Sacred Heart School is a private, Catholic high school in East Grand Forks, Minnesota. It is located in the Roman Catholic Diocese of Crookston.

Sacred Heart was established in 1912 and is the only Catholic high school in northwest Minnesota. Sacred Heart School also serves northeast North Dakota.

Sacred Heart School is located at 200 3rd Street NW, East Grand Forks, MN 56721.

Background, Founding and establishment
The first attempt to have a Catholic school in East Grand Forks began in 1895 when the Sisters of St. Benedict, Duluth, Minnesota, started a school and hospital.  Father Hendrick, the first pastor of Sacred Heart, requested the Sisters start a mission at East Grand Forks. Mother Scholastica purchased a three-story wooden building called the Acme House to be used as a school, hospital, and convent.  The building was located at the present southern intersection of Business Highway 2 East and 220 North.

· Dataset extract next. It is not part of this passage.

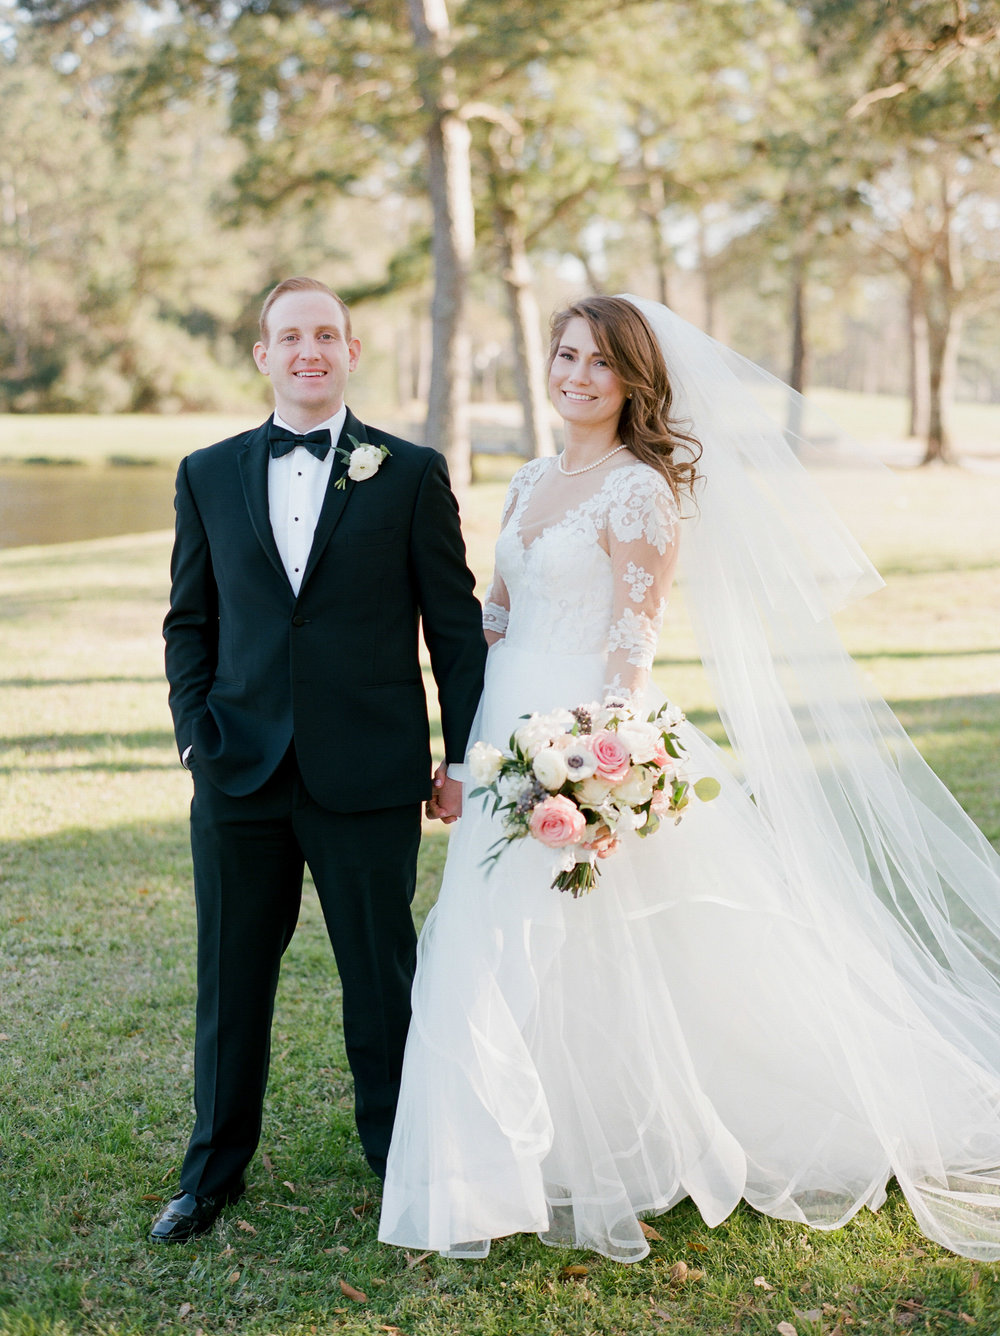 Houston-Wedding-Photographer-Style-Me-Pretty-St-Anne-Catholic-Church-Wedding-The-Woodlands-Country-Club-Palmer-Course-Austin-Wedding-photographer-fine-art-film-21.jpg

The second and third floors of the building housed the hospital.  The school was organized immediately afterward, opening in the fall of 1895.  Staffing the school in 1895 were Sister James and Sister Gertrude as teachers and Sister Josephine as the first music teacher.

The name of the school is unclear by different accounts, being called either Sacred Heart School or St. Joseph's School (same name as the hospital).  The school appeared to have had a full capacity considering the small size of the East Grand Forks community at that time.
During the first year of operation of the school, the newly built church of Sacred Heart was destroyed by fire on December 1, 1895.  Rev. Hendrick immediately began to raise funds to rebuild the church.  Sister Josephine recounted the following story:
“Soon after Christmas, Mother Scholastica came to the mission at East Grand Forks and the next evening, Father Hendrick paid a courtesy visit to the convent.  The conversation turned upon the burning of his church and the campaign he was conducting to raise building funds.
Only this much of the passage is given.